### Data below
^^^^
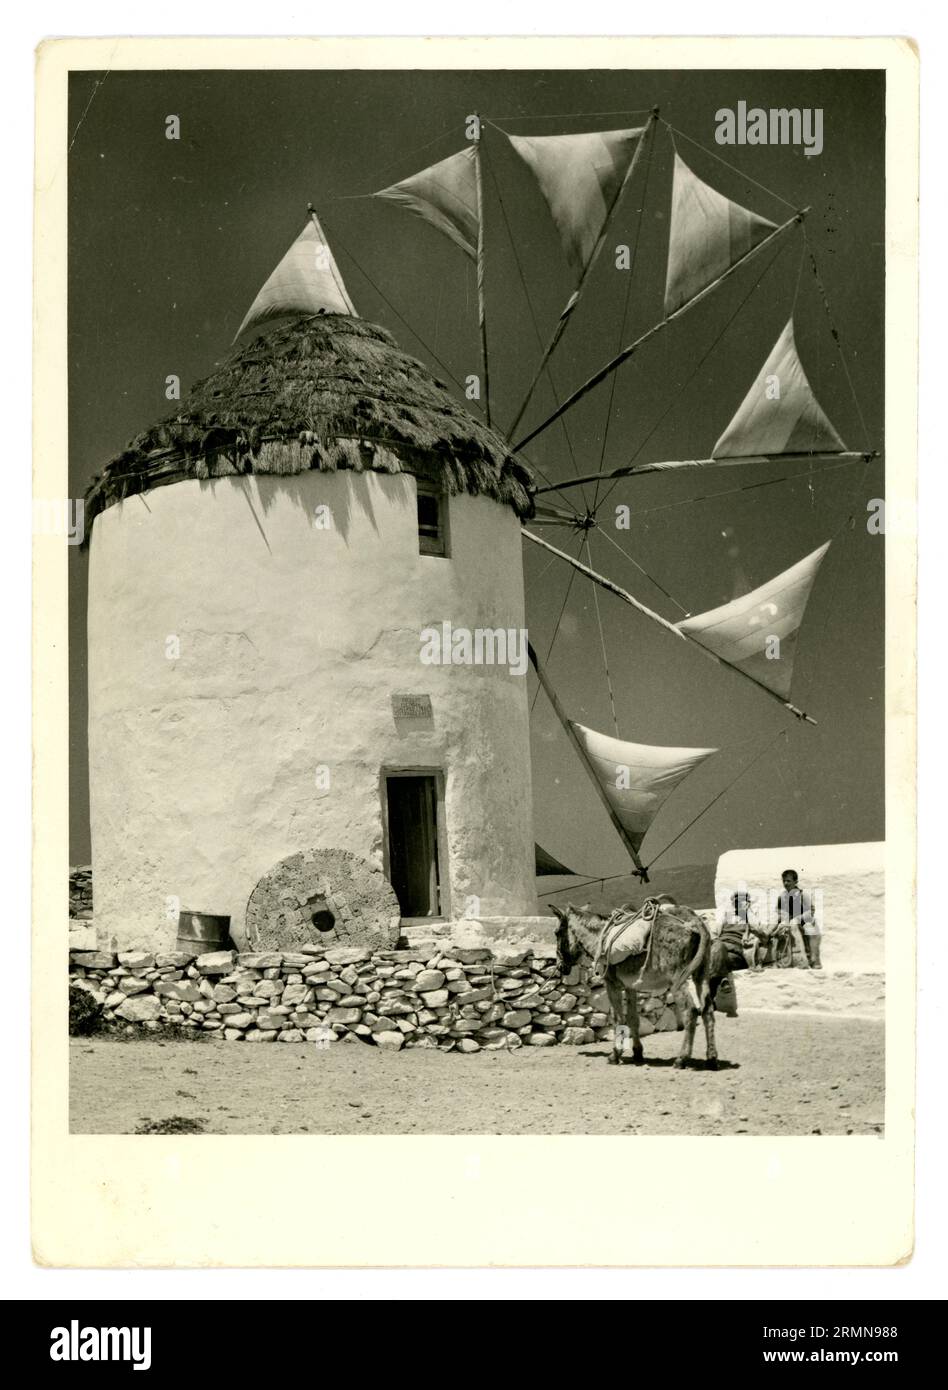 Original de la fin des années 1950, early1960 carte postale souvenir d'un moulin à vent avec des voiles de travail, utilisé pour moudre le blé. Île grecque de Mykonos, Cyclades, Grèce, cette image montre les dernières années de travail de ce moulin à vent. Les moulins à vent sont des caractéristiques emblématiques de Mykonos. Banque D'Images
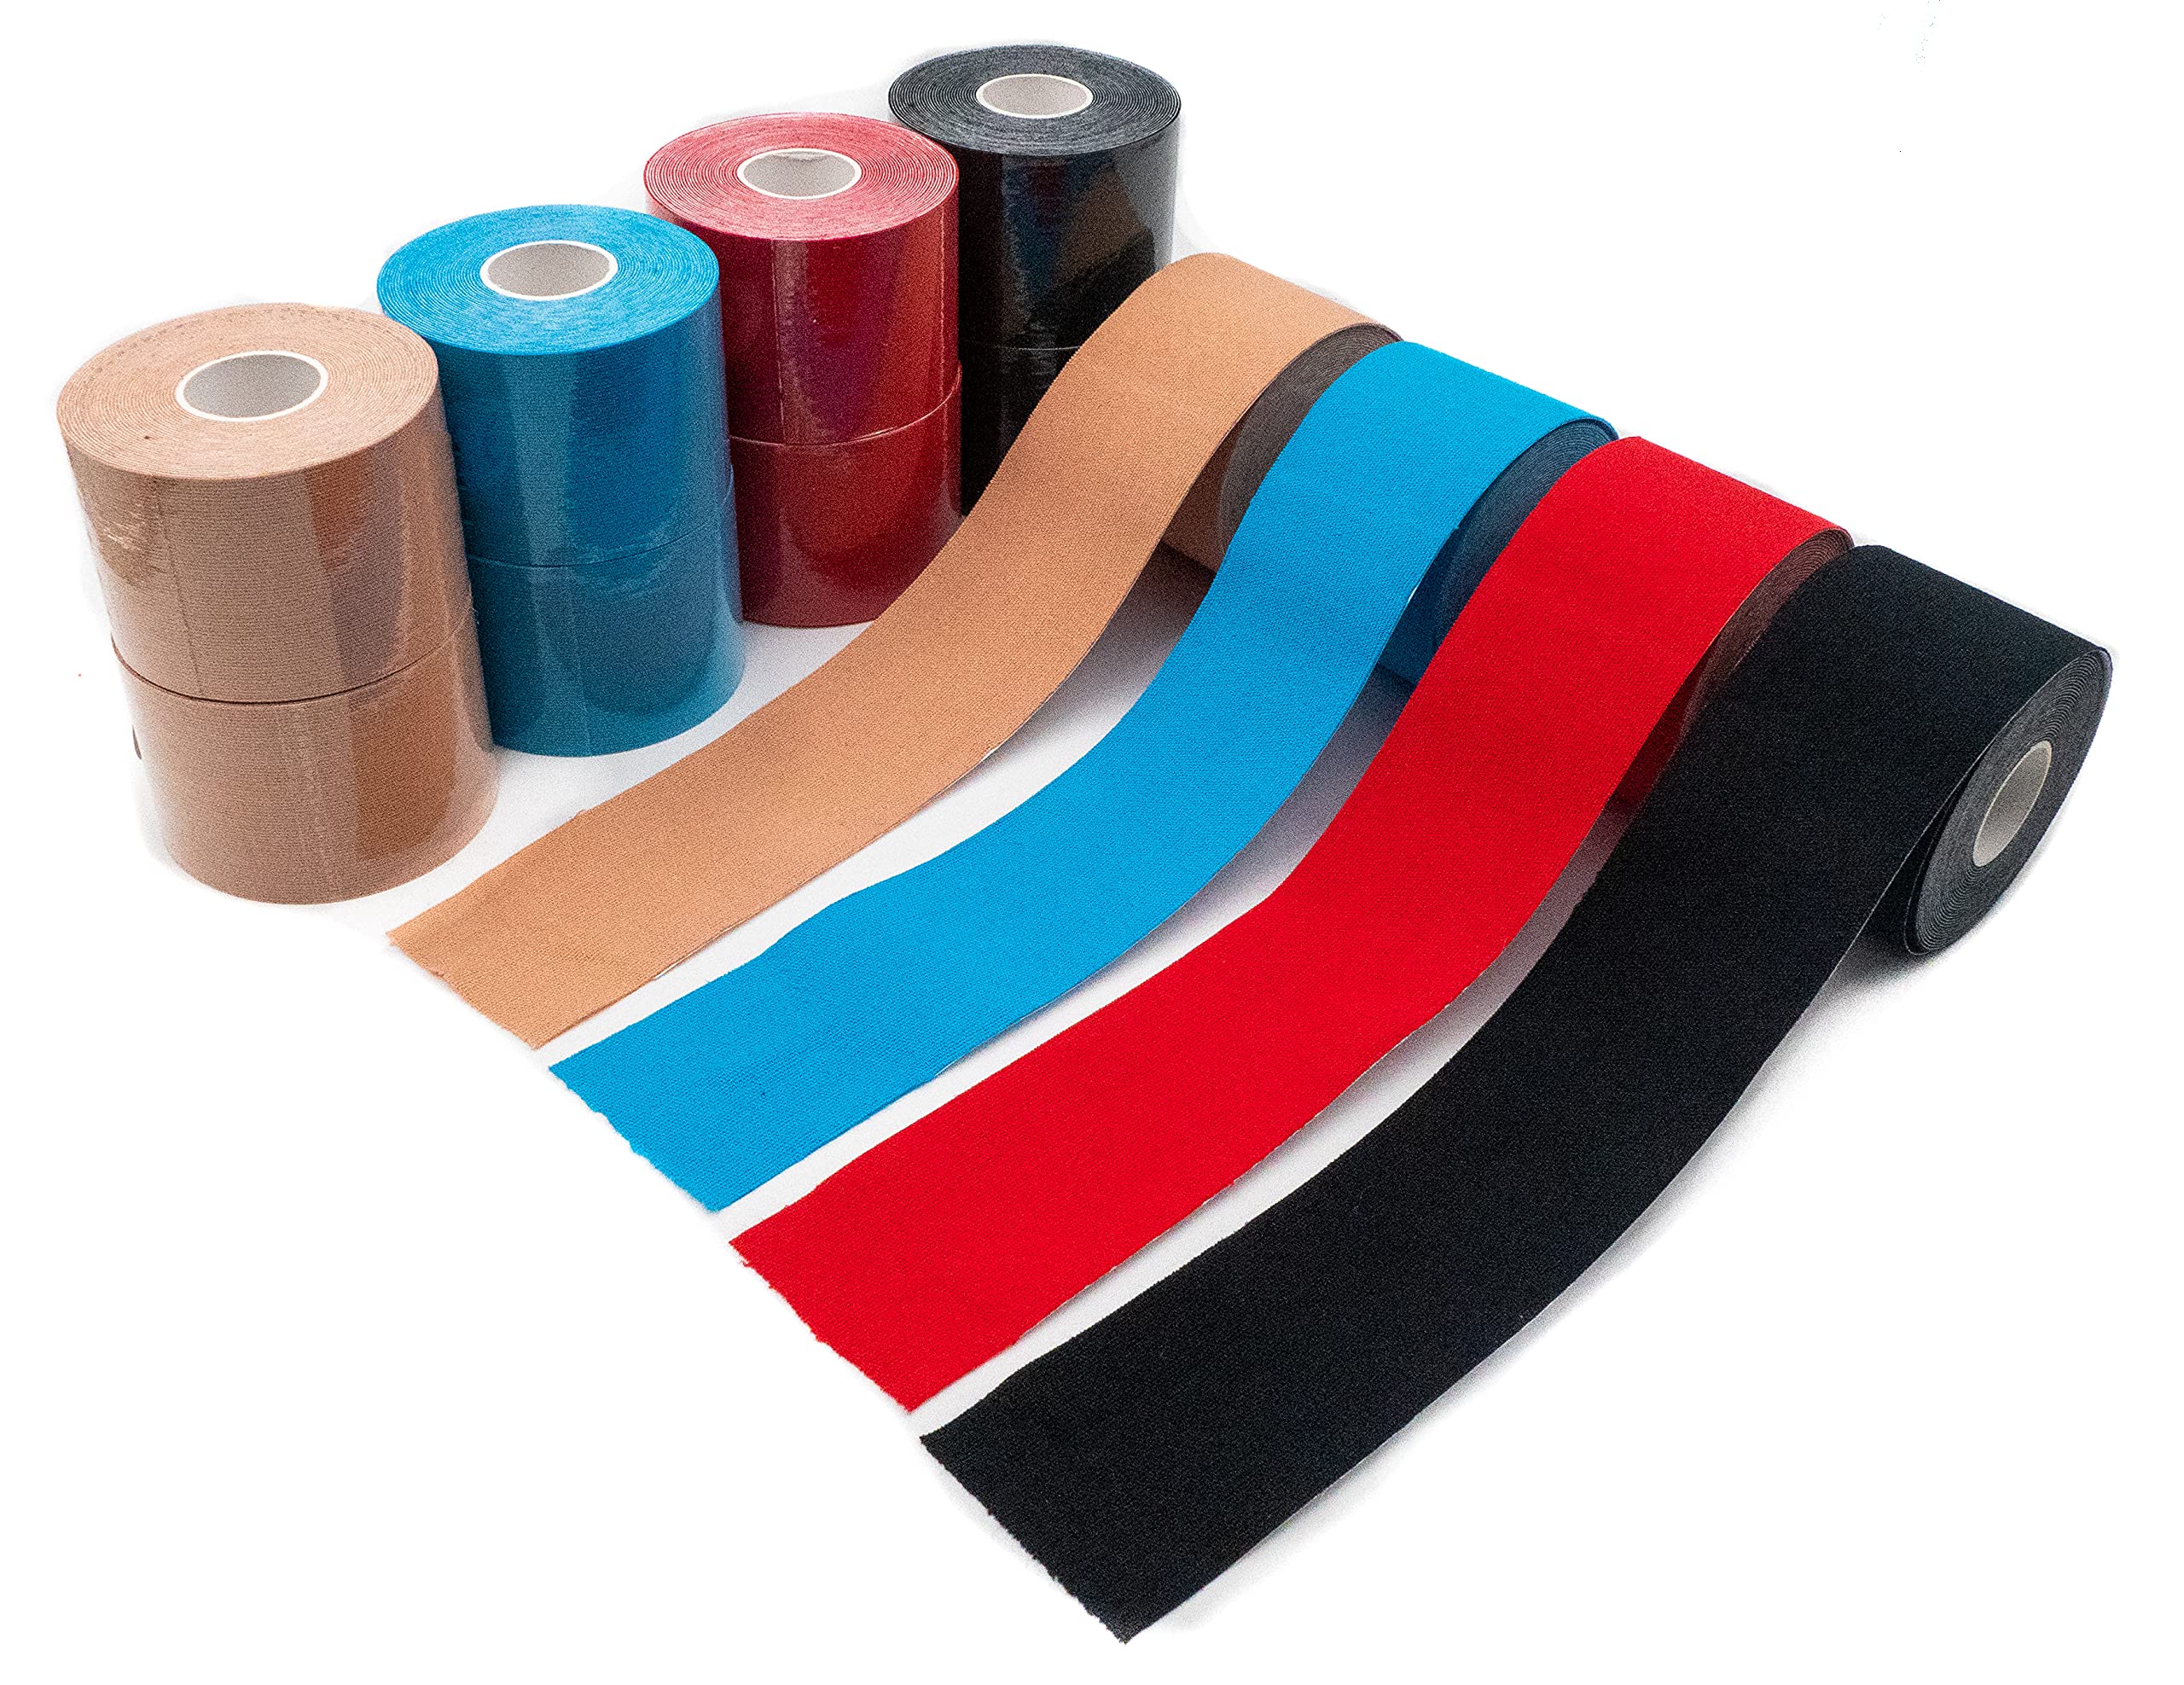 axion Kinesiologie Tapes 12er Misch-Set rot, blau, schwarz, beige | Wasserfeste • hautfreundliche • elastische • selbstklebende Fitness Bandage | Physio-tape optimal für Sport & Alltag - axion
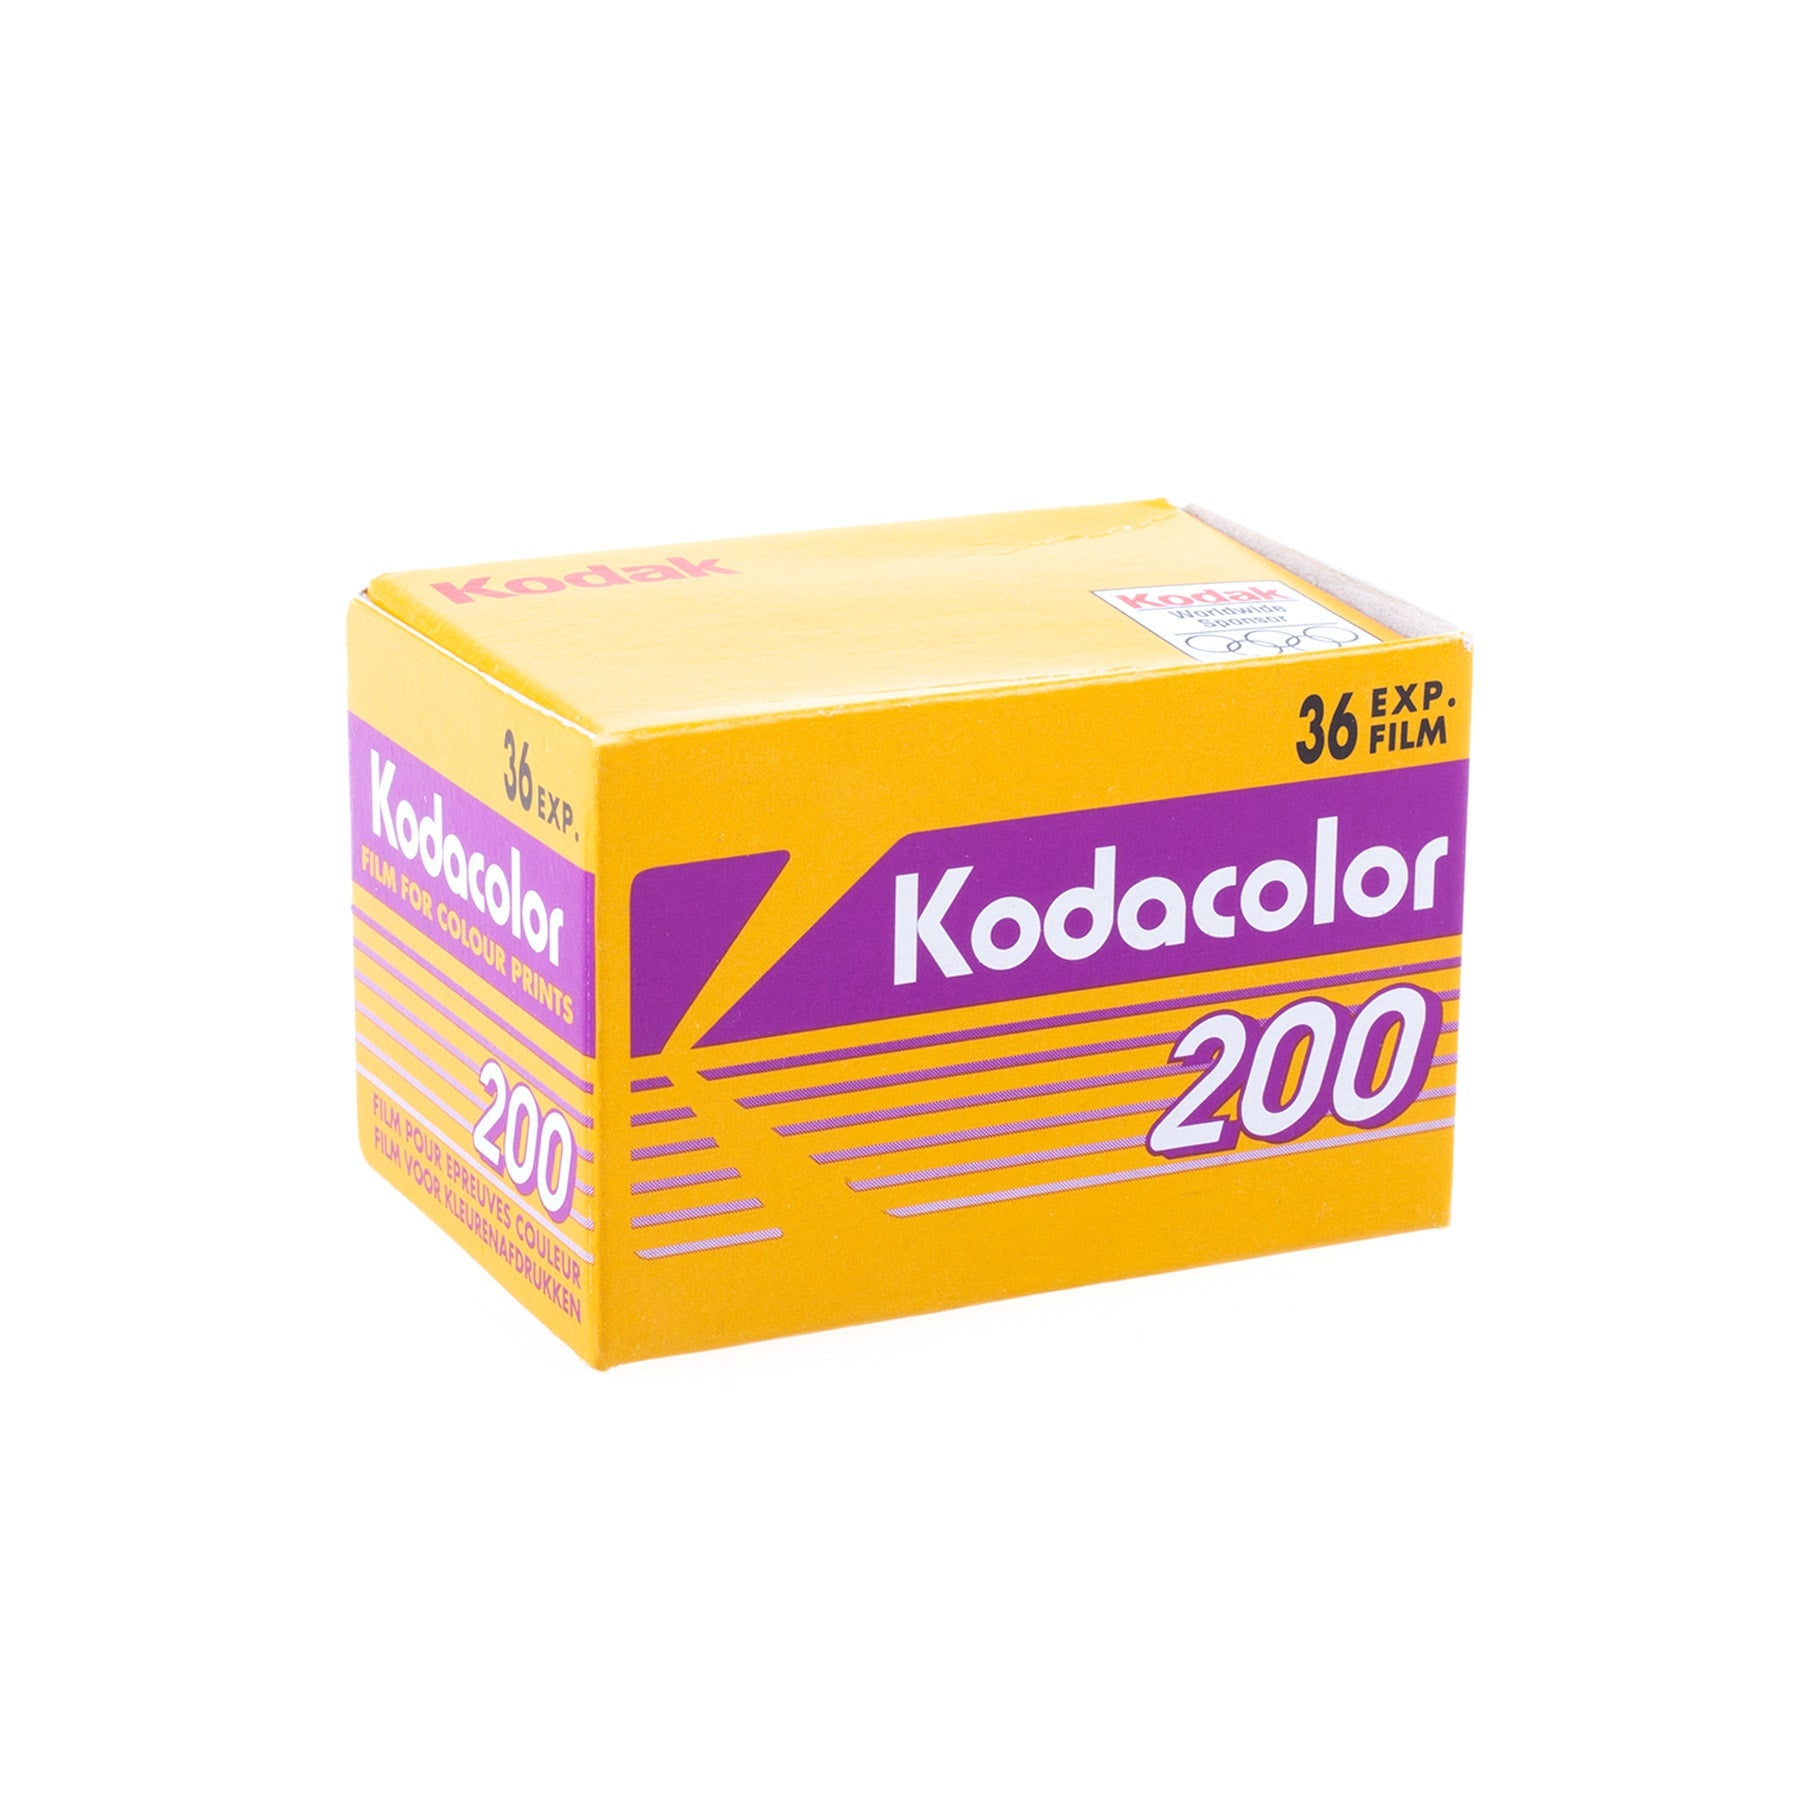 Kodak Kodacolor 35mm 200 ISO 36 exp. Dead stock 2005
^^^^
### Task prompt
Only those lines from the one containing "axion Kinesiologie Tapes" to the end of the material above, retyped exactly and without pictures, belong in your reply.

### Exercise answer
 axion Kinesiologie Tapes 12er Misch-Set rot, blau, schwarz, beige | Wasserfeste • hautfreundliche • elastische • selbstklebende Fitness Bandage | Physio-tape optimal für Sport & Alltag - axion
 Kodak Kodacolor 35mm 200 ISO 36 exp. Dead stock 2005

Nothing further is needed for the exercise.